• [PROBLEM DESCRIPTION]: Set down the data below in full and exactly, minus the pictures.

• [DATA PROVIDED]:

++++++++++++++++++++

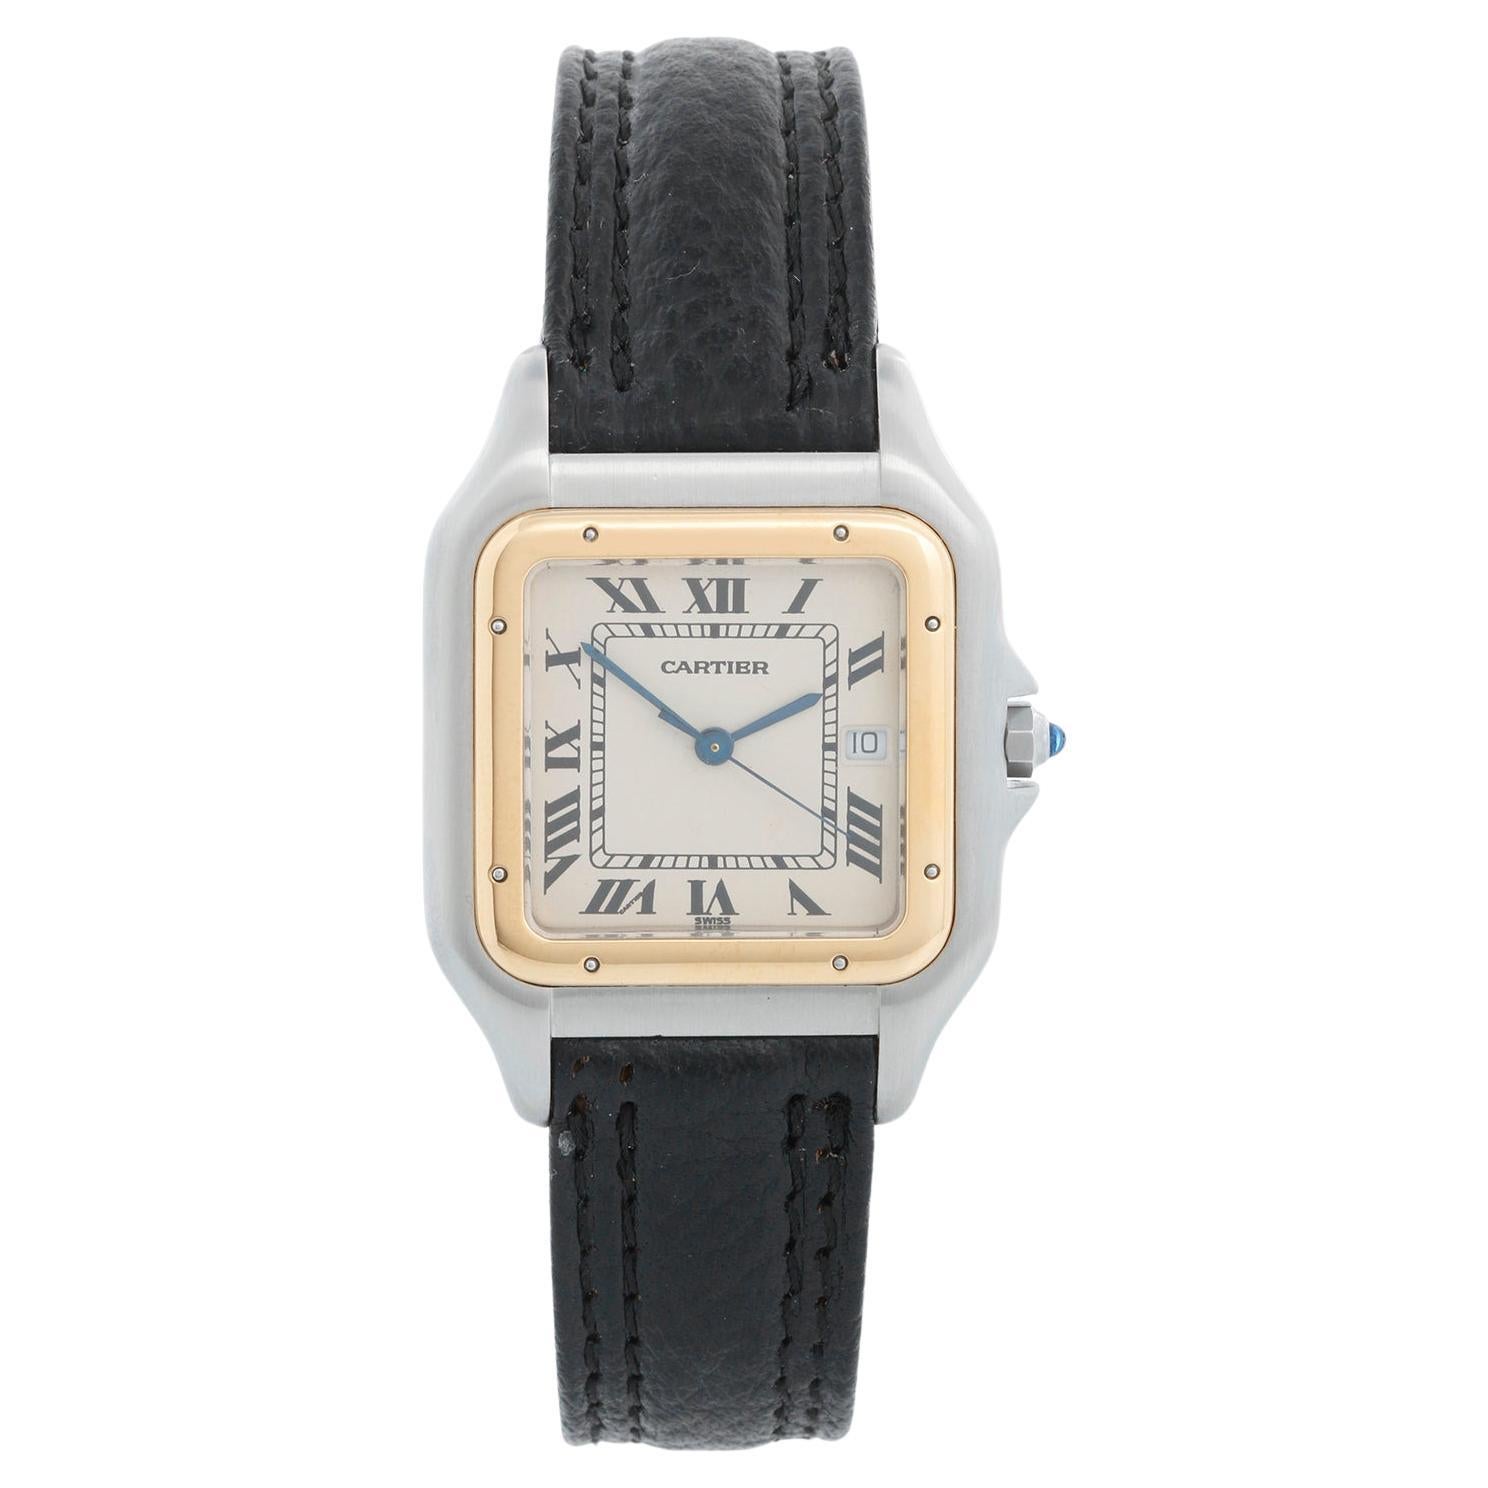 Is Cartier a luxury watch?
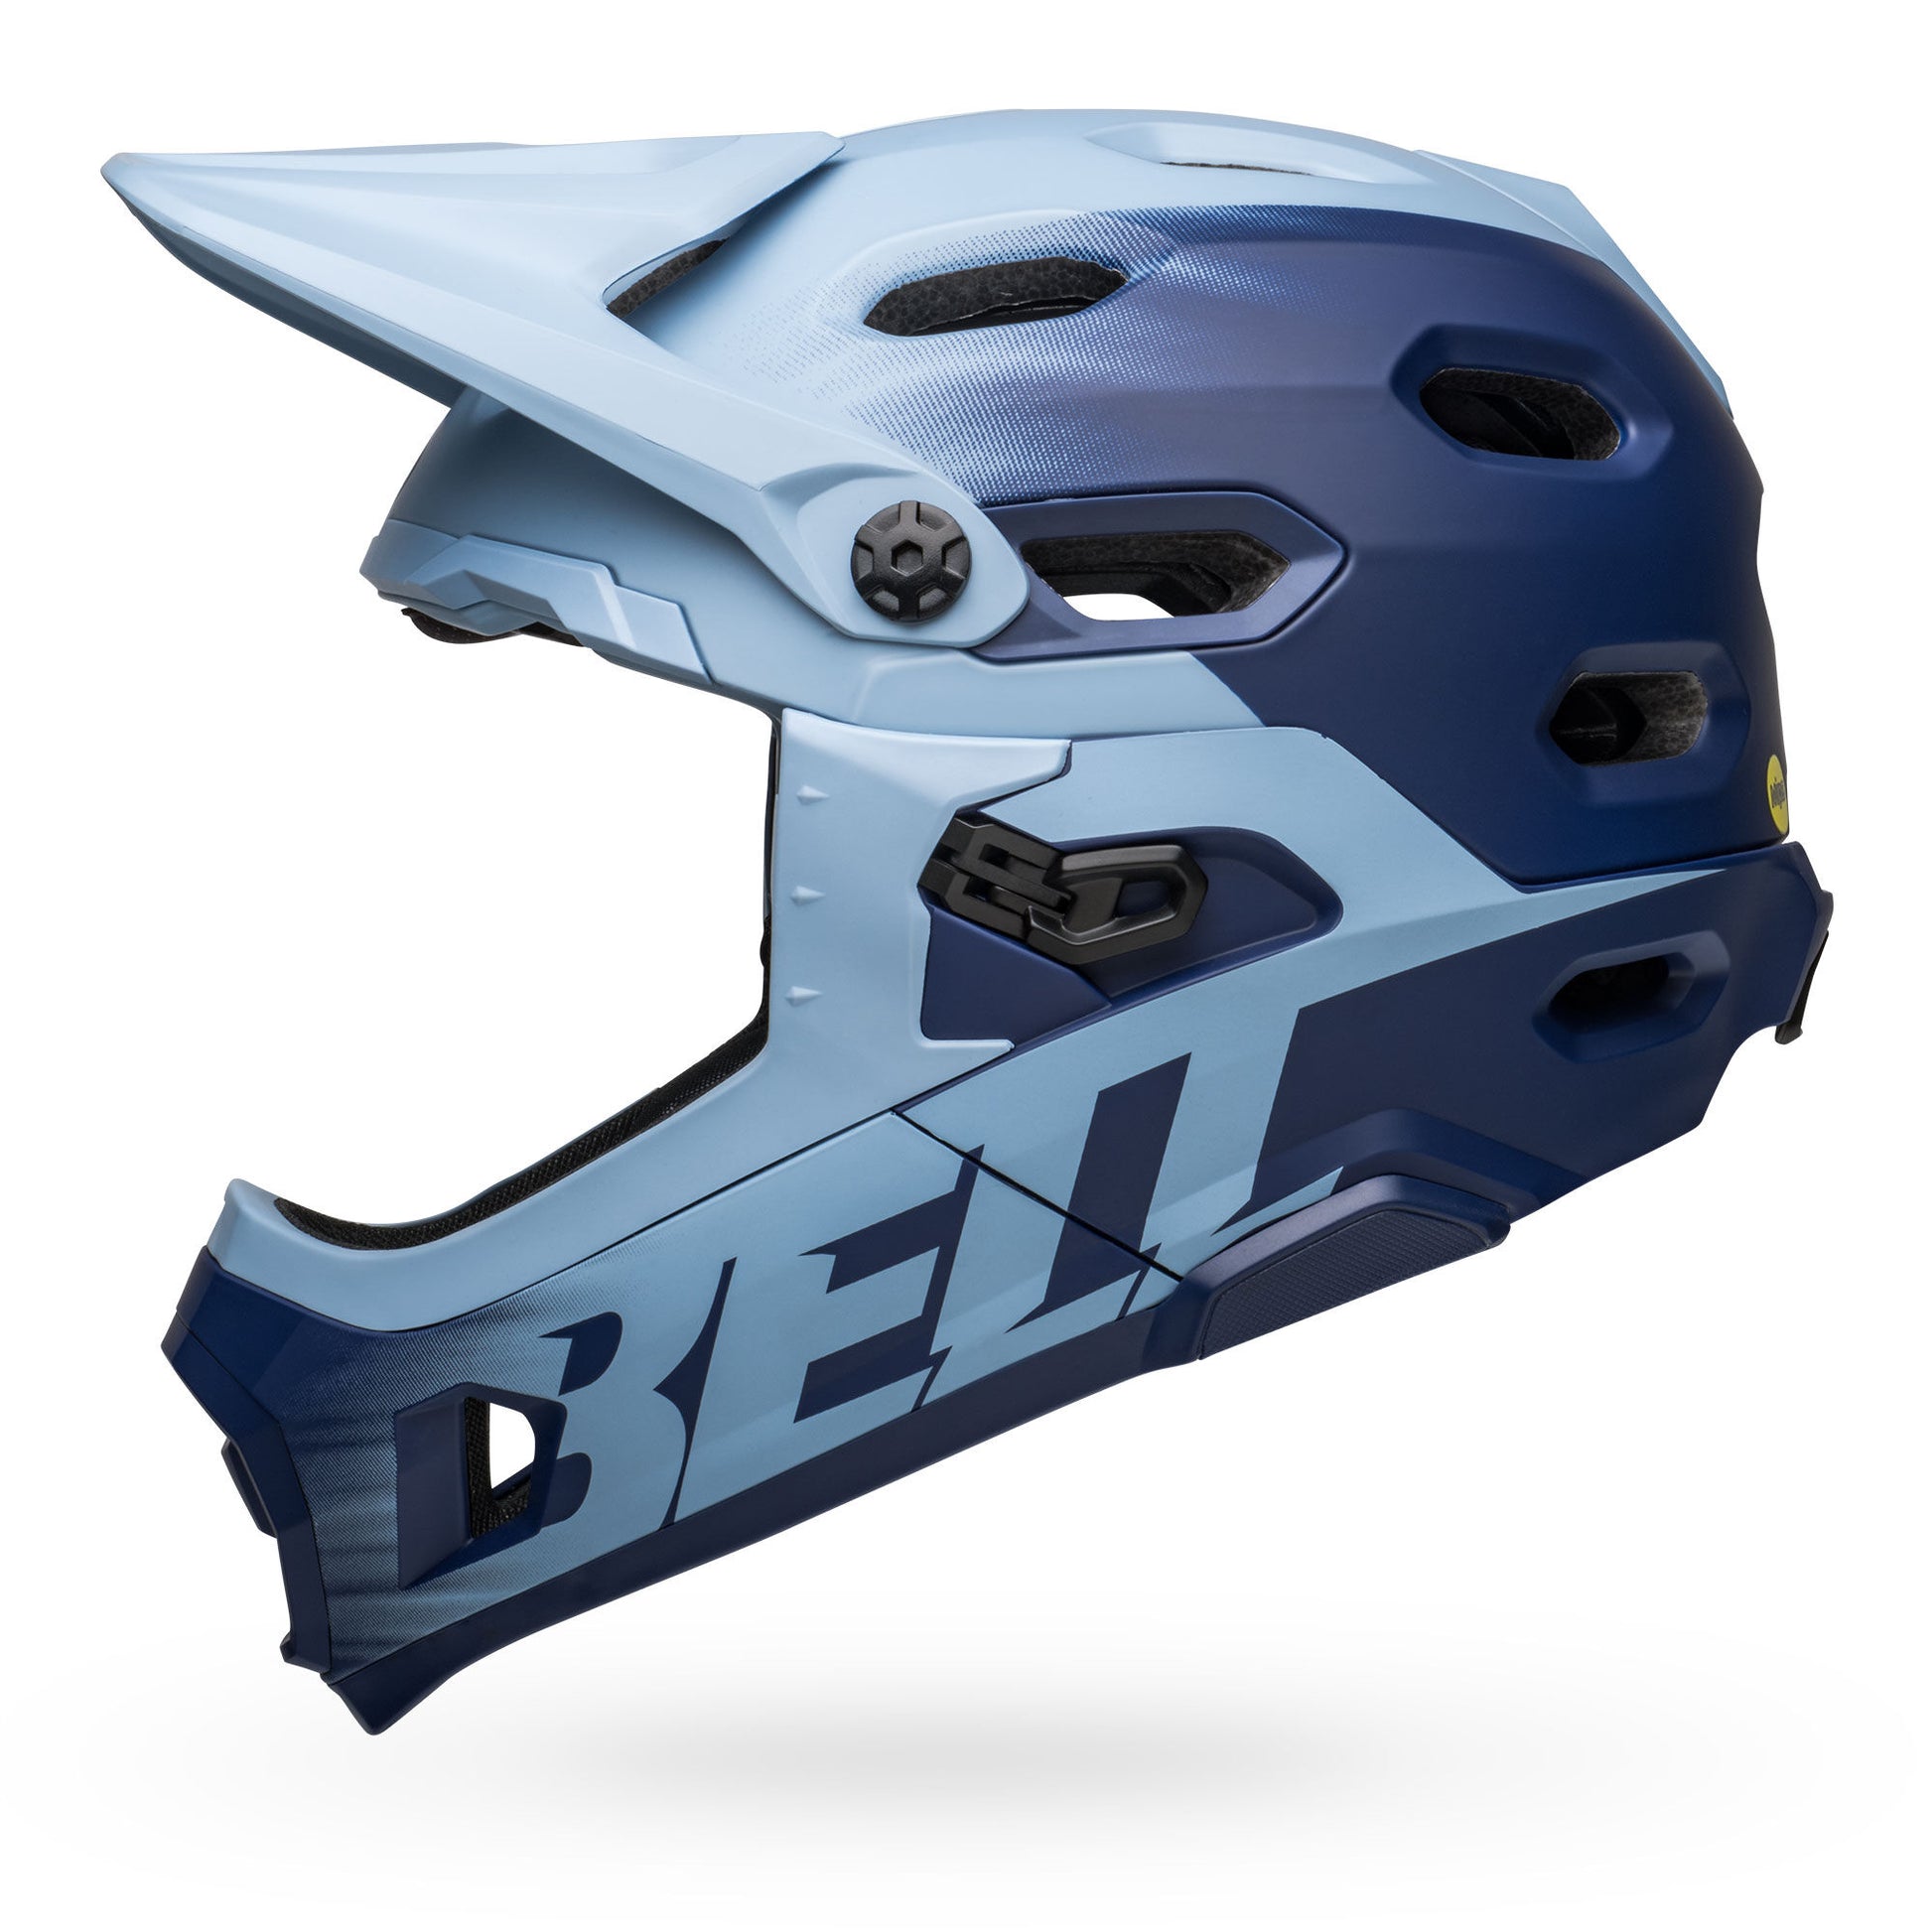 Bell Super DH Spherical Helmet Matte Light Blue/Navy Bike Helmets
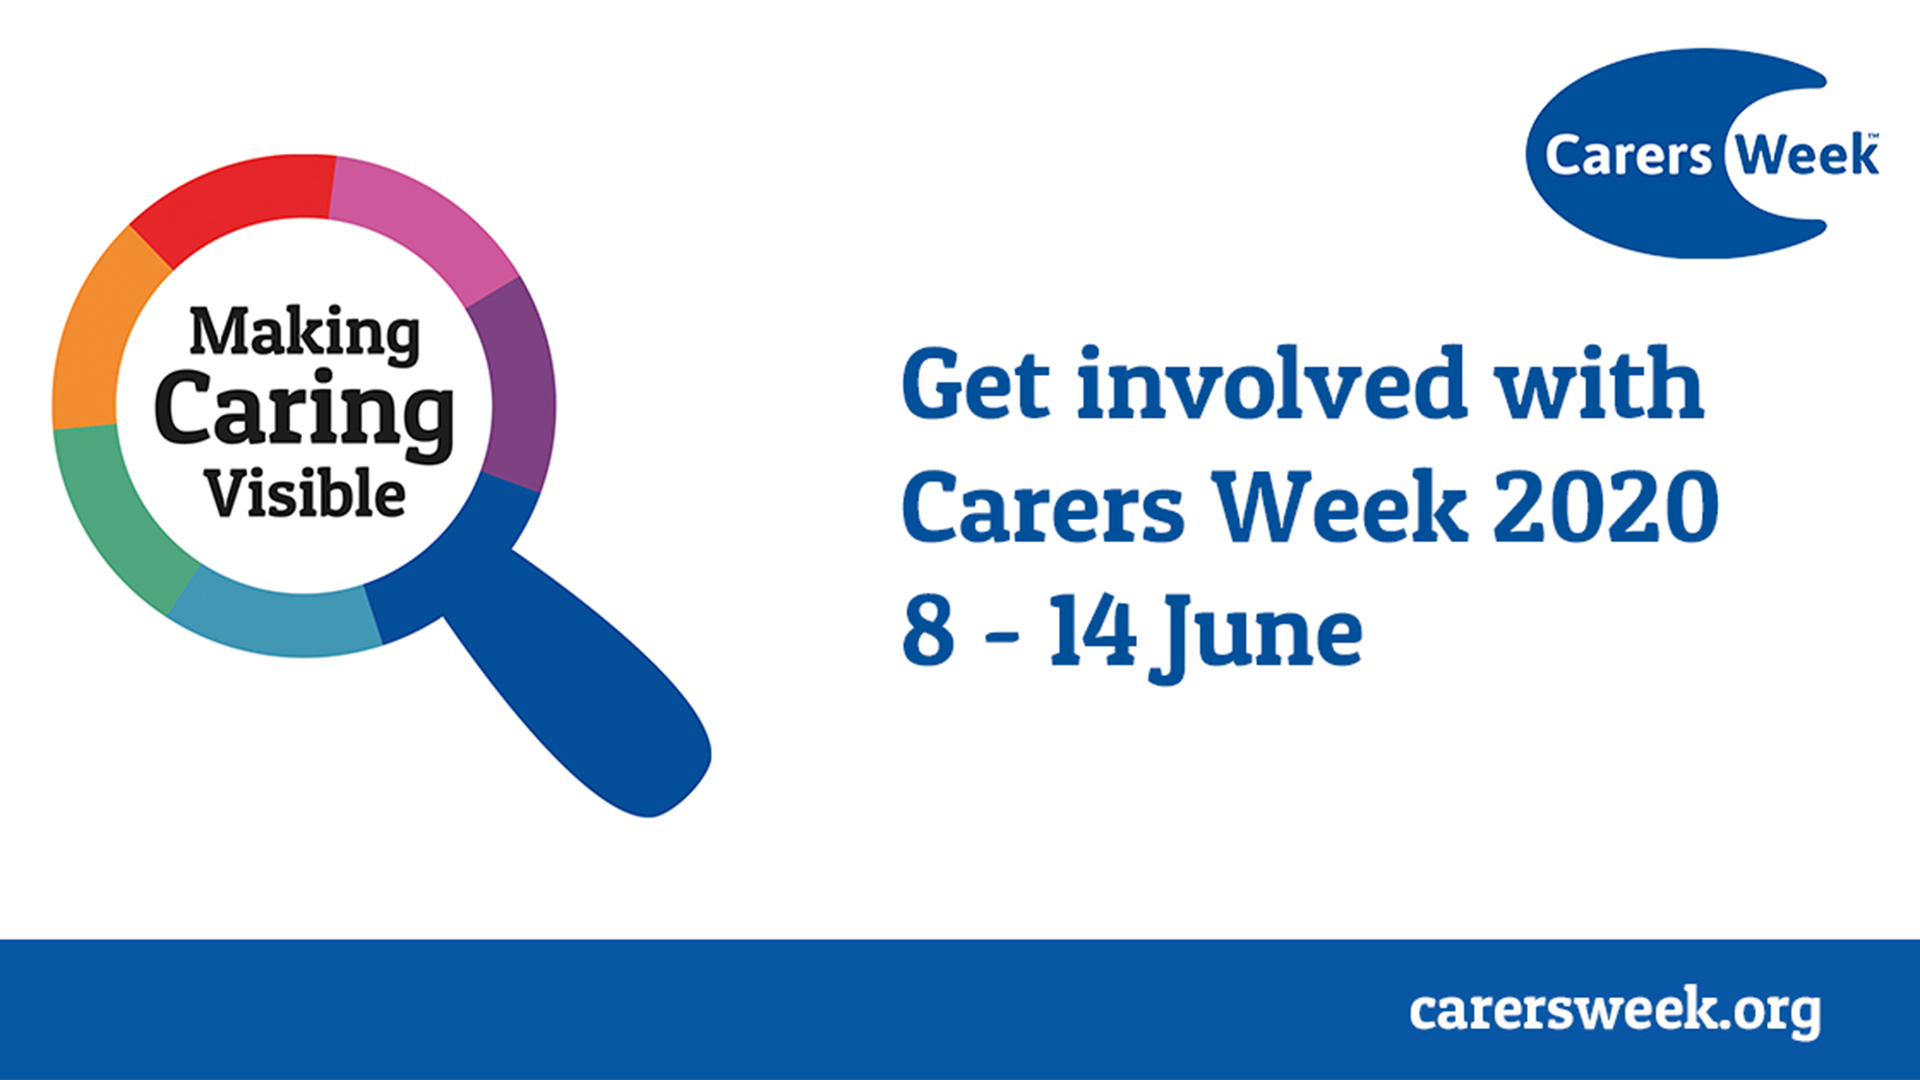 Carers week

++++++++++++++++++++

• [EXERCISE RESPONSE]:
 Is Cartier a luxury watch?
 Bell Super DH Spherical Helmet Matte Light Blue/Navy Bike Helmets
 Carers week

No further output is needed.